While useful it needs a big red warning to potential leakers. If they were personally served documents (such as via email, while logged in, etc) there really isn't much that can be done to ascertain the safety of leaking it. It's not even safe if there are two or more leakers and they "compare notes" to try and "clean" something for release.
The watermark can even be contained in the wording itself (multiple versions of sentences, word choice etc stores the entropy). The only moderately safe thing to leak would be a pure text full paraphrasing of the material. But that wouldn't inspire much trust as a source.
This doesn't seem to be designed for leakers, i.e. people sending PDF's -- it's specifically for people receiving untrusted files, i.e. journalists.
And specifically about them not being hacked by malicious code. I'm not seeing anything that suggests it's about trying to remove traces of a file's origin.
I don't see why it would need a warning for something it's not designed for at all.
I seem to remember Yahoo finance (I think it was them, maybe someone else) introducing benign errors into their market data feeds, to prevent scraping.
This lead to people doing 3 requests instead of just 1, to correct the errors, which was very expensive for them, so they turned it off.
I don't think watermarking is a winning game for the watermarker, with enough copies any errors can be cancelled.
Oof, that's a great point. We briefly touched on this a few weeks ago, but from the angle of canary tokens / tracking pixels [1].
Security-wise, our main concern is protecting people who read suspicious documents, such as journalists and activists, but we do have sources/leakers in our threat model as well. Our docs are lacking in this regard, but we will update them with information targeted specifically to non-technical sources/leakers about the following threats:
- Digital watermarking (what you're pointing out here)
- Fingerprinting (camera, audio, stylometry)
- Canary tokens (not metadata per se, but still a de-anonymization vector)
If you come in FOSDEM next week, we plan to talk about this subject there [2].
The goal here isn't to provide a false sense of security, nor frighten people. It's plain old harm reduction. We know (and encourage) sources to share documents that can help get a story out, but we also want to educate them about the circumstances in which they may contain their PII, so that they can make an informed choice.
Why not leak a dataset of N full text paraphrasings of the material, together with a zero-knowledge proof of how to take one of the paraphrasings and specifically "adjust" it to the real document (revealed in private to trusted asking parties)? Then the leaker can prove they released "at least the one true leak" without incriminating themselves. There is a cryptographic solution to this issue.

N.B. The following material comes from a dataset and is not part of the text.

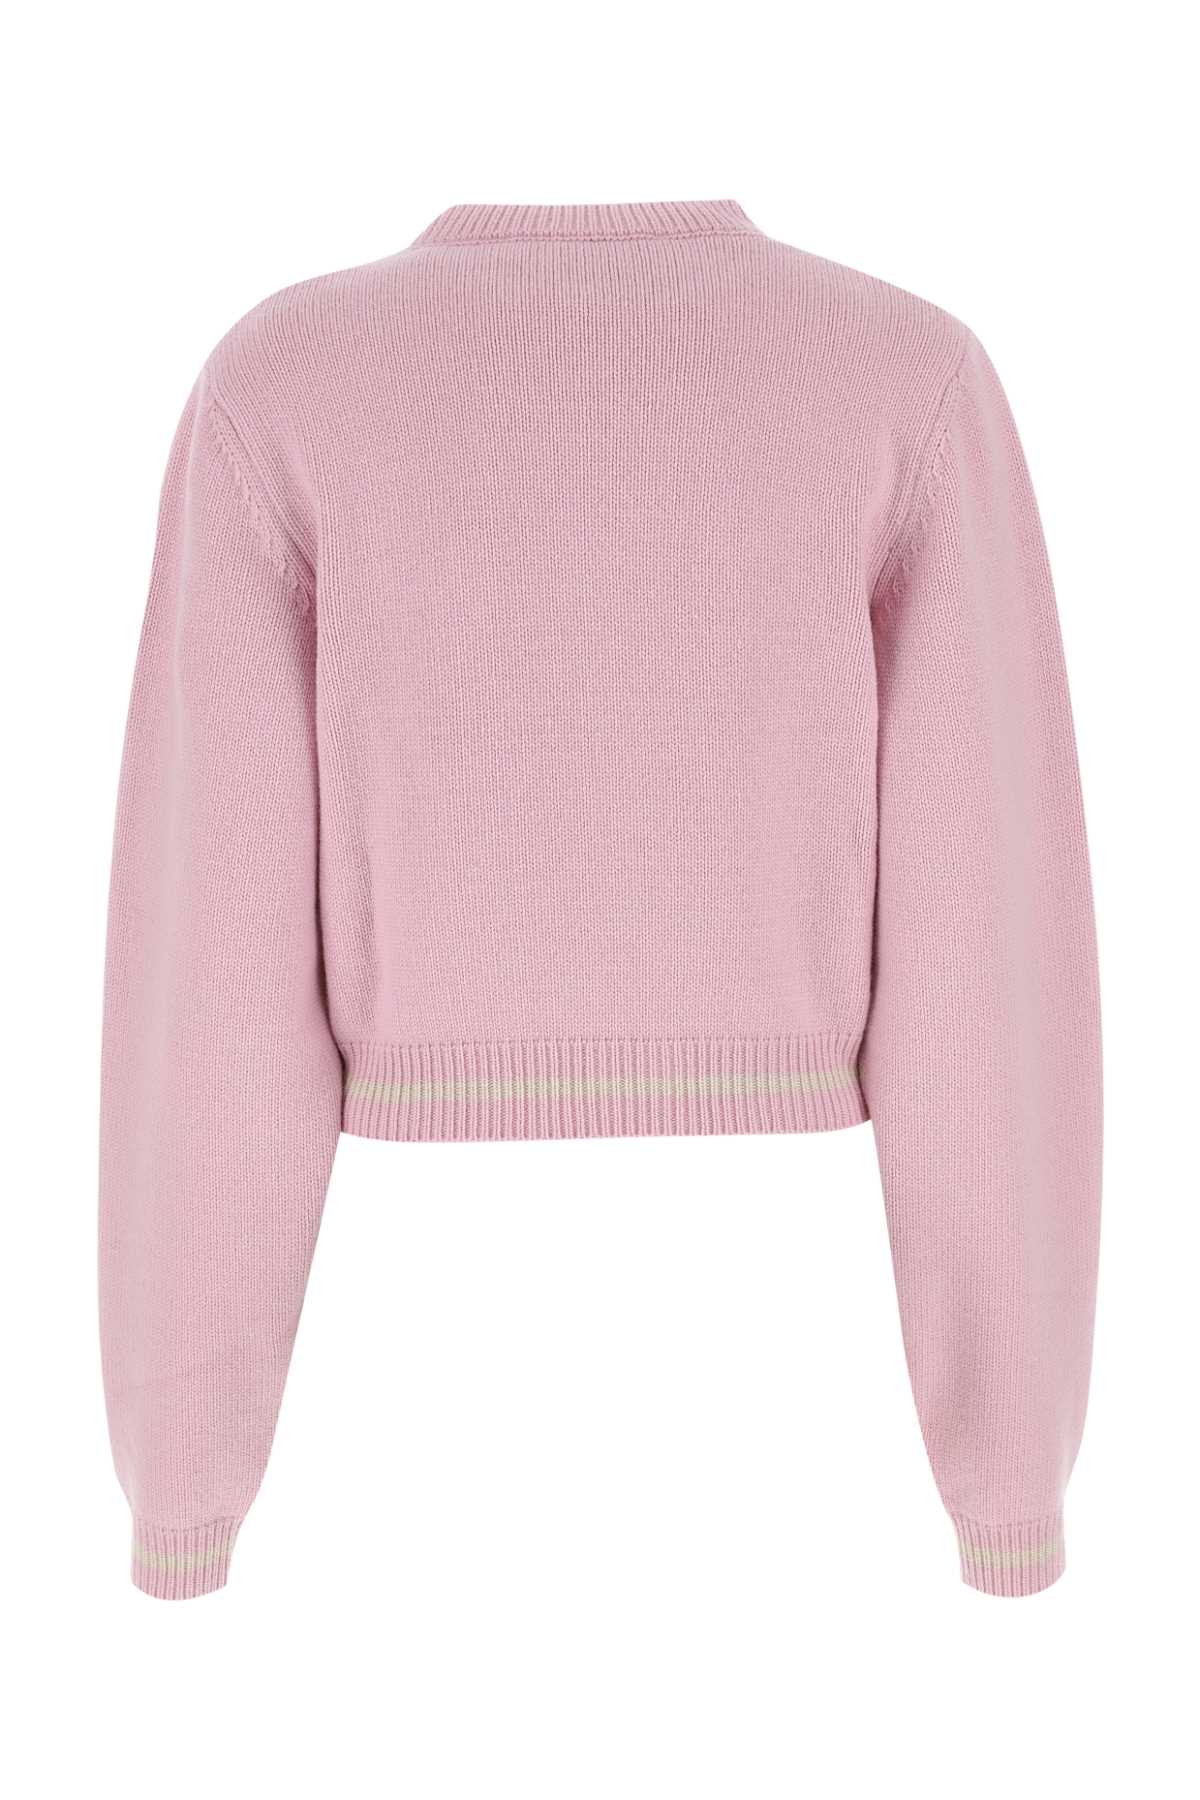 Marni Pink Wool Sweater In 00c18

Wouldn't comparing between two downloads reveal if the files are watermarked immediately though. Especially the sentence or other steganographic watermarks embedded in the text itself should show up pretty clearly to a simple comparison.

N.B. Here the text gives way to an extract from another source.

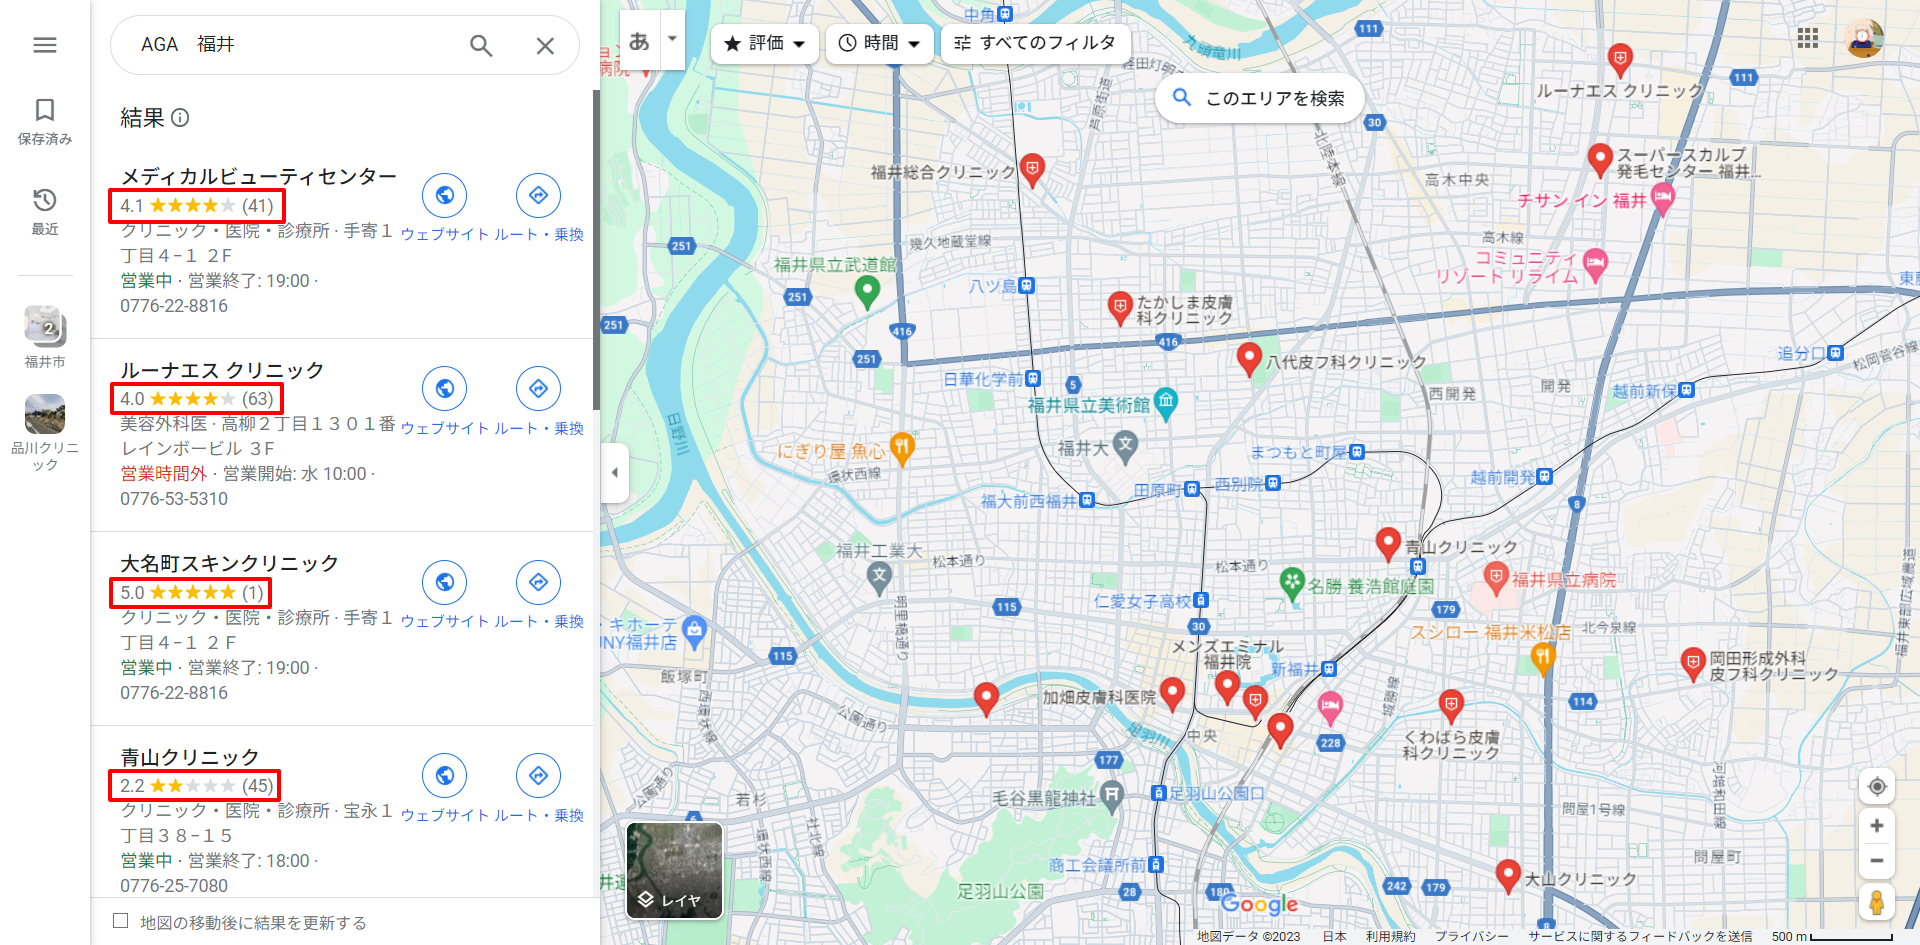 AGA福井Googleマップ

Heh, I've seen this a bunch of times and it's of interest to me, but honestly? It's sooooo limiting by being an interface without a complementary command line tool. Like, I'd like to put this into some workflows but it doesn't really make sense to without using something like pyautogui. But maybe I'm missing something hidden in the documentation.
There is indeed a dangerzone-cli tool¹, and it should be made more visible. We plan on updating/consolidating our docs in the foreseeable future, to make things clearer.

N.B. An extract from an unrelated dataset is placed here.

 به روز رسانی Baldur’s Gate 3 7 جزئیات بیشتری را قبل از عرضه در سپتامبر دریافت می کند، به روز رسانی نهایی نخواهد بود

Also, plans are here to make it possible to use dangerzone as a library, which should help use cases like the one you mention.
Shameless self promotion: preview.ninja is a site I built that does this and supports 300+ file formats. I'm currently weekend coding version 2.0 which will support 500+ formats and allow direct data extraction in addition to safe viewing.
It is a passion project and will always be free because commercial CDR[1] solutions are insanely expensive and everyone should have access to the tools to compute securely.
For some reason, printing 1 page of an Excel or Word document to a PDF often gets up to around 4MB in size. Passing it through this compresses it quite well.
That's something I do from time to time as well. AFAIK Google Drive renders all documents on the server-side (which implicitly means that they don't trust the browser sandbox), so that's a reasonable price to pay for less privacy.
Dealing with sensitive documents though is another story, you just can't upload them to a third-party service. That's where projects like Dangerzone come into play.
Is there some reason why just viewing the PDF with a FLOSS, limited PDF viewer (e.g. atril) would not accomplish the same level of safety? What can a "dangerous PDF" do inside atril?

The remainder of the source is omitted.